The minister assured the Opposition that the government would strengthen public sector banks and maintain their public sector character by infusing capital. Despite a marginal rise in NPA levels and some stressed sectors being accorded debt recast packages, Chidambaram asserted that “our banks are well-capitalised” and would be able to perform the higher lending demands for the economy, which has turned the corner. The minister reiterated his promise to infuse Rs 15,000 crore into public sector banks in the current fiscal.
Making a case for merger of some small banks with the big ones he said the country needs “two-three world size banks,” through consolidation.
Chidambaram clarified that while RBI would regulate banking-related activities in the banking sector, the Competition Commission of India (CCI) would have jurisdiction over competition practices in the sector which included merger regulations. “If we exempt the banking sector from the Competition Act, then sectors such as insurance, telecom and petroleum, which all have the respective sectoral regulators will also make similar demands,” he said.
Experts hailed the Lok Sabha nod for the legislation, but said that dropping the provision to allow banks to trade in commodity futures was regressive. Care Ratings chief economist Madan Sabnavis said: “Banks have significant direct and indirect exposure to commodities, and a permission to participate in futures would have enabled them to hedge this exposure. This is pertinent in the backdrop of rising bad loans, especially commodity-related exposures such as agriculture loans or credit to steel companies.”
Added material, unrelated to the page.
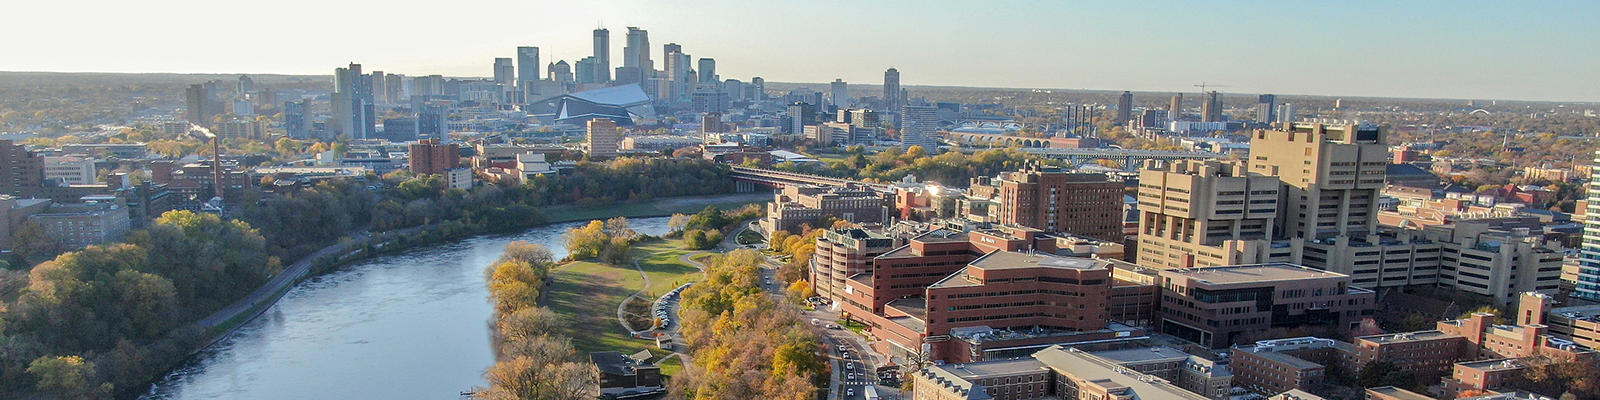 Downtown Minneapolis, the Mississippi River, and the UMN campus

Meanwhile, shares in Financial Technologies (India) and Multi Commodity Exchange of India (MCX) dropped 1.2% and 0.8% respectively at the BSE following the government’s announcement to drop the clause.
The insurance Bill, inter alia, seeks to hike FDI limit in the sector to 49% while the pension Bill envisages to allow FDI at par with the insurance sector in pensions, besides giving statutory powers to the sectoral regulator.